Cameroon should also benefit from expanding its existing oil refinery. The Sonara plant is in the middle of an expansion programme, with production capacity increasing from 45,000 b/d last year to 60,000 b/d now and 100,000 b/d due by 2017. A second refinery is also planned at Kribi, the Cameroon port at the end of the Chad-Cameroon Oil Pipeline, by Russian firm Rusgaz, oil companies operating in the country and the government of Cameroon. This would be on the same scale as the expanded Sonara scheme and the two facilities would give Cameroon the biggest oil refining capacity in West and Central Africa. Nigeria’s four refineries have greater nameplate capacity but have operated at a much lower level for many years.

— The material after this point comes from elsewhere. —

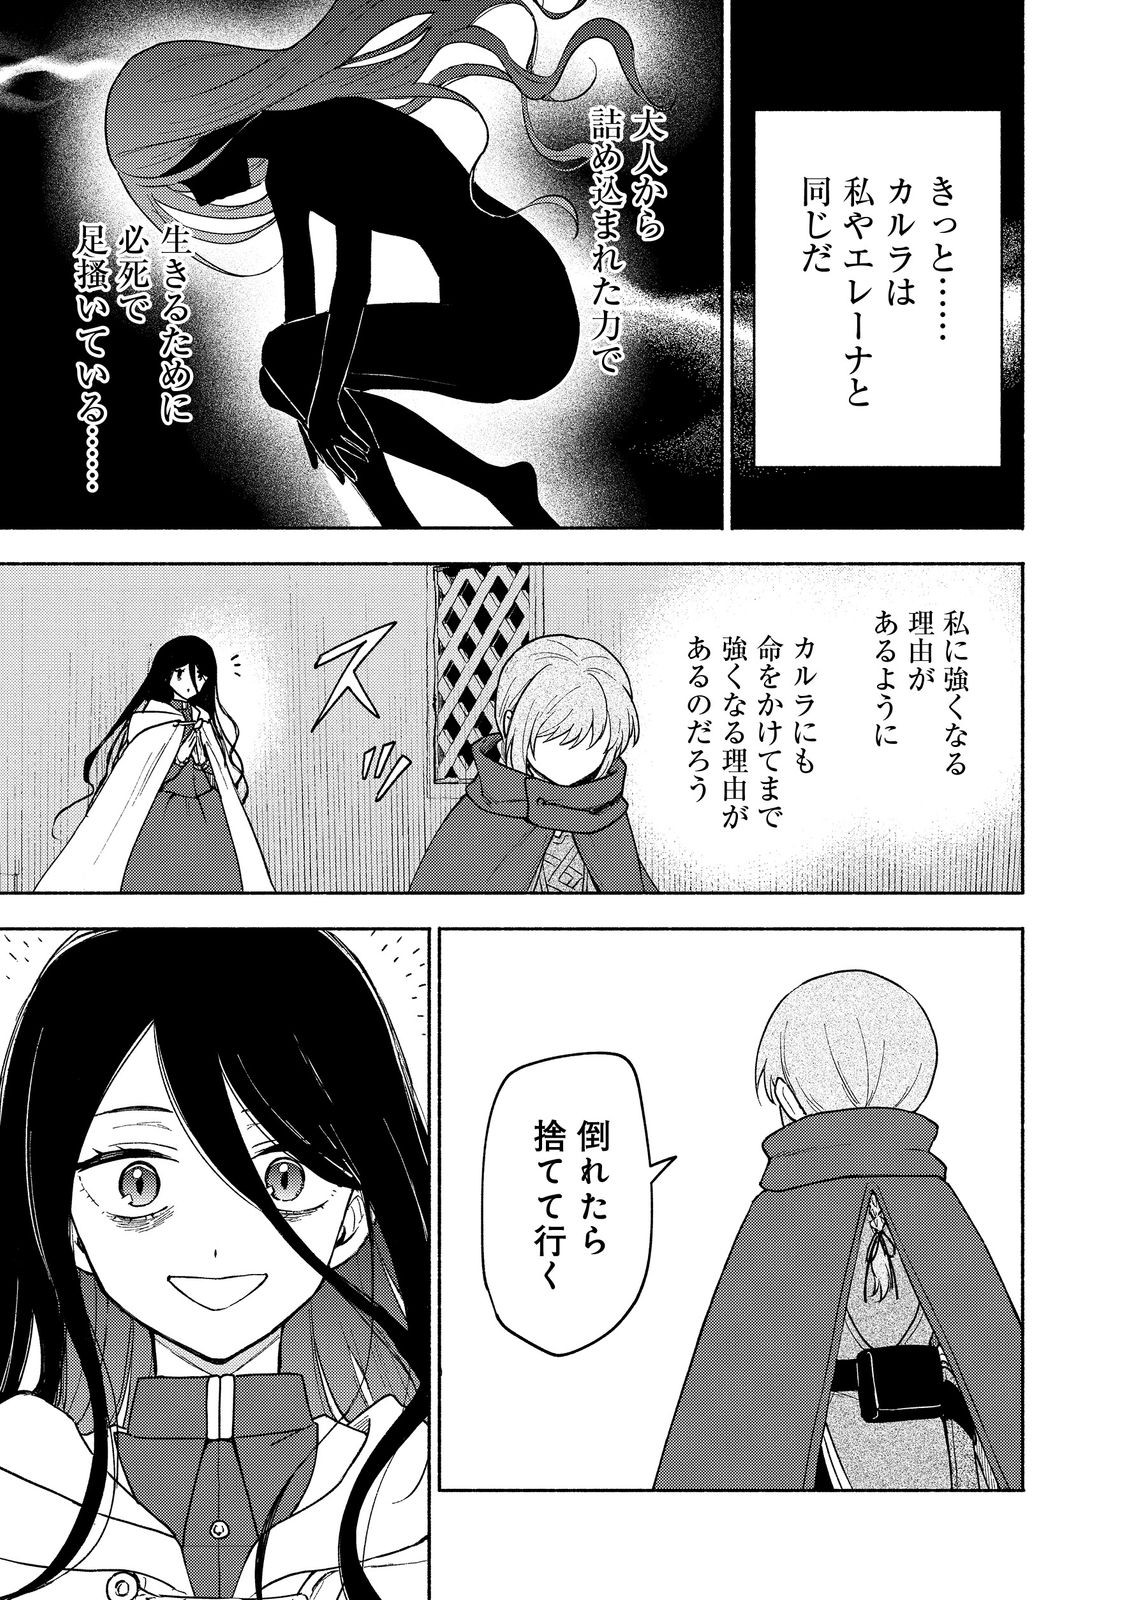 Otome Game no Heroine de Saikyou Survival - Chapter 23 - Page 7
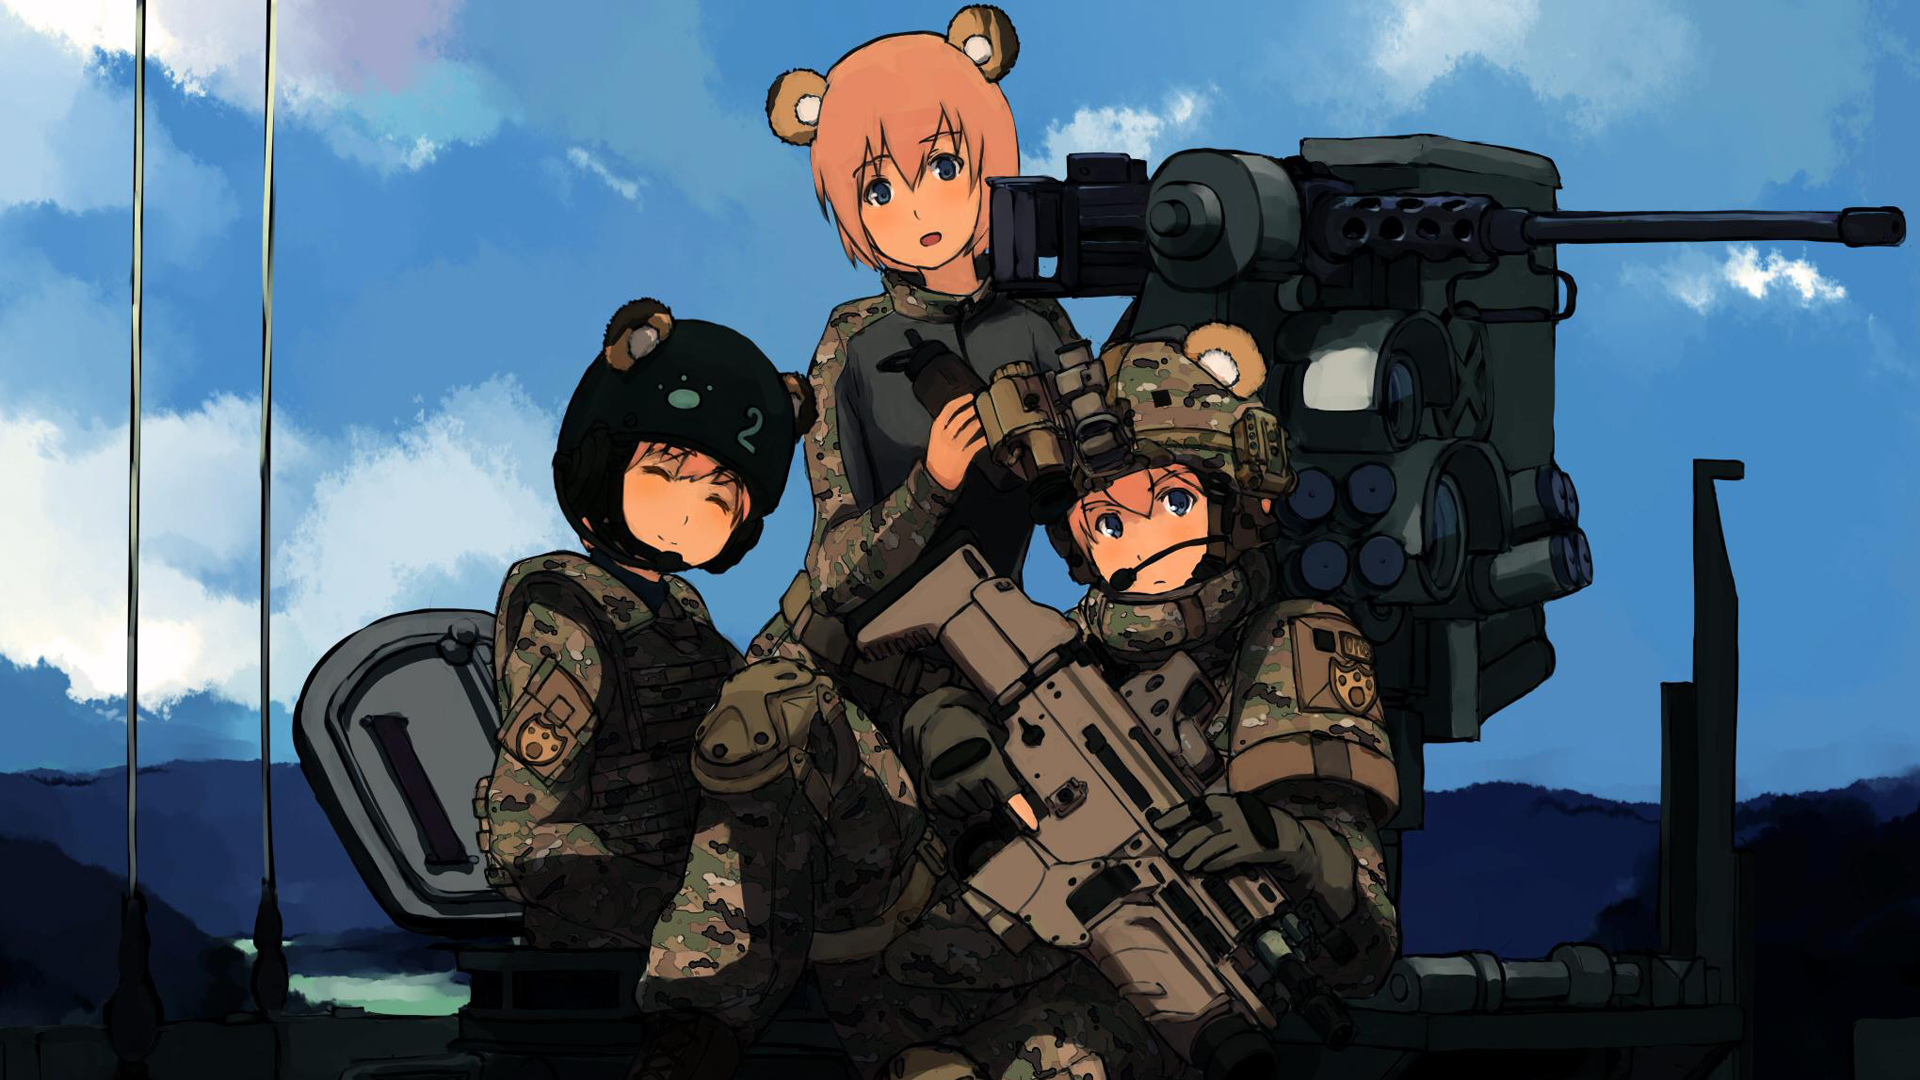 Anime Soldier Desktop Wallpaper

The government of Cameroon hopes that its two refineries will be able to source feedstock from neighbouring oil producing states, including Angola and Nigeria.
Its plans to do the same thing in the gas sector have thus far come to nothing. Yaoundé had hoped to source natural gas from Nigeria and Equatorial Guinea in order to supply an LNG plant but initial agreements have not been followed up. However, Cameroon’s own gas reserves have been tapped by British firm Victoria Oil & Gas to supply industrial projects onshore Cameroon, including the Bassa and Logbaba power plants. A total of 28 firms have already signed supply agreements and talks over further contracts are being held, while more gas is needed by the Kribi power plant, which came on stream in 2013 with generating capacity of 216 MW but which needs more feedstock to reach 330 MW. French firm Perenco is to provide the additional gas.
Perenco also hopes to install a floating liquefied natural gas (FLNG) plant at Kribi, in conjunction with GDF-Suez and Cameroon’s state-owned Société Nationale des Hydrocarbures (SNH). The director general of the SNH, Adolphe Moudiki, said: “The resources are higher than the needs identified for all of the ongoing gas projects. In fact, the envisaged floating unit can be put in place without any influence on the supply of gas to the Kribi thermal power station and the Douala-based industries, or on the production of chemical fertilisers in Limbe and liquefied natural gas at Mboro.” The FLNG scheme is scheduled to be in place by 2017 with production capacity of 1.2m tonnes a year.